In this case, wherein the second signing messages can be the second preposition terminal 30 for ID card information or identity The ciphertext of card information is when being sent to electronic signature equipment 10, by the second signing messages with the close of ID card information or ID card information Text sends jointly to electronic signature equipment 10.The body that i.e. second preposition terminal 30 can store in getting resident identification card After part card information, ID card information is sent to background server 40, background server 40 utilizes the private key of background server 40 Sign to ID card information, obtain the second signing messages, then by the plaintext of the second signing messages and ID card information or Ciphertext returns to the second preposition terminal 30 together, and the second preposition terminal 30 signs the plaintext or cipher text of ID card information and second Name information sends jointly to electronic signature equipment 10, electronic signature equipment 10 upon receipt, by the second signing messages and identity The plaintext or cipher text associated storage together for demonstrate,proving information, receive read instruction when, the second signing messages is returned to the together One preposition terminal 20.In this case, when background server 40 verifies signing messages, background server 40 is utilized Public key verifies the second signing messages.Pass through the optional embodiment, it is ensured that the ID card information got be through Later platform server authentication, so that it is guaranteed that the reliability of ID card information.

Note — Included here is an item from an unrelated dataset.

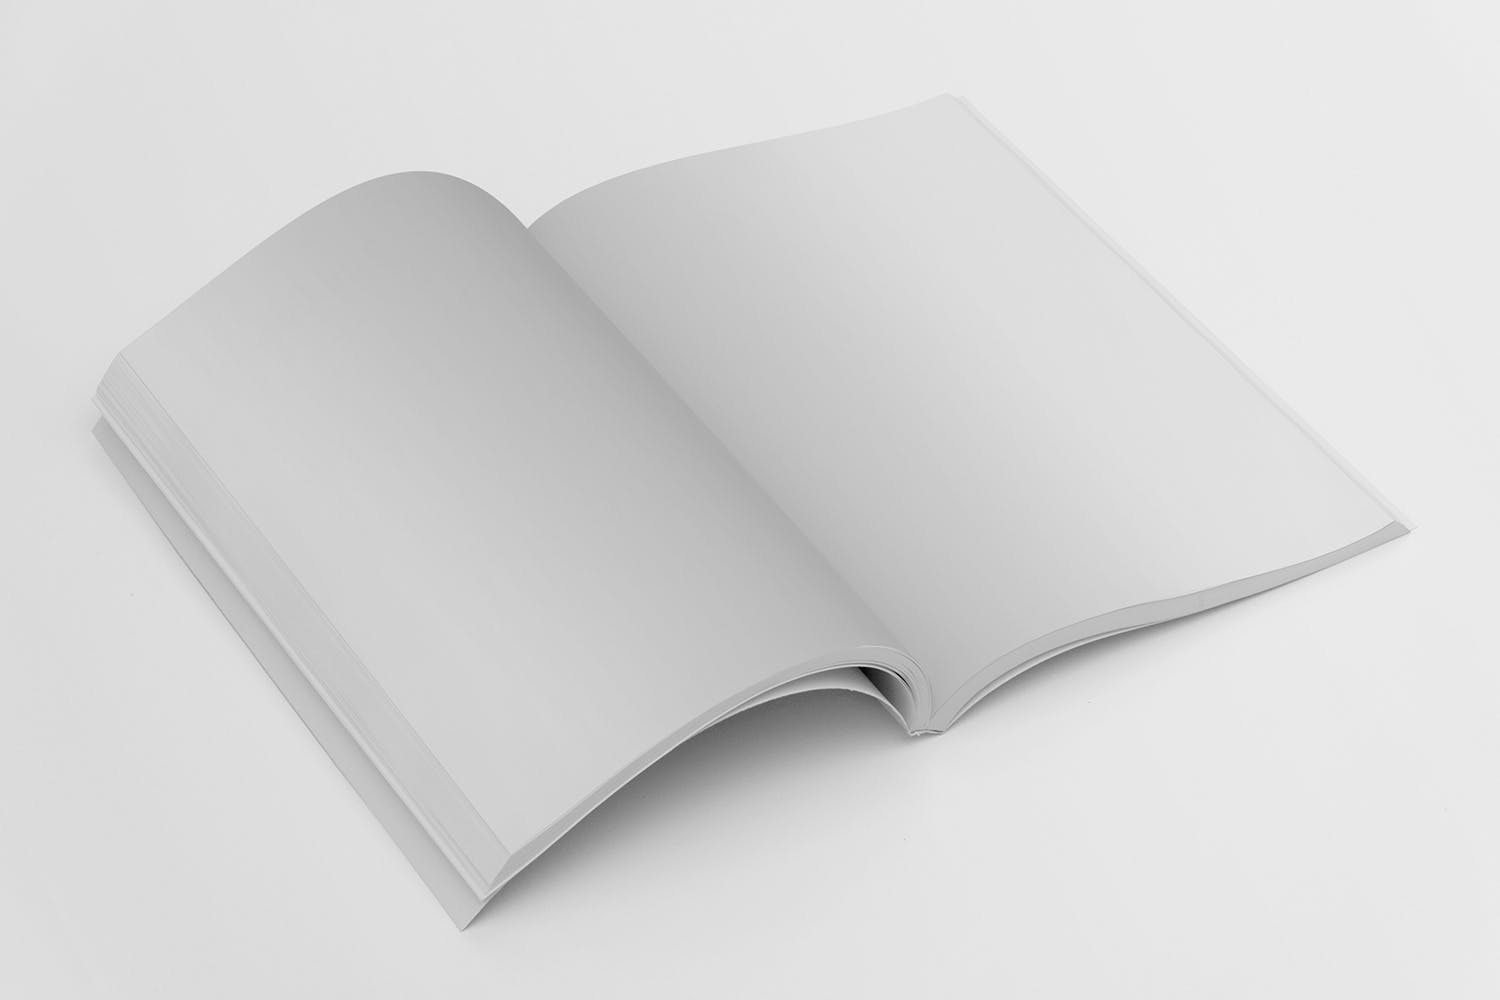 杂志内页排版设计翻页透视图样机16图库精选 Magazine Mockup Folded Page Perspective View插图(1)

That is, cipher-text information is adopted in an optional embodiment of the embodiment of the present invention for electronic signature equipment Identity storage information is encrypted to obtain with the second encryption key；And when executing step S440, background server use with Cipher-text information is decrypted in corresponding second decruption key of second encryption key, obtains ID card information.

In another optional embodiment of the embodiment of the present invention, sent in the first preposition terminal to electronic signature equipment Before ID card information reads instruction, background server obtains identity and stores information, via the second preposition terminal to electronic signature Equipment sends identity and stores information.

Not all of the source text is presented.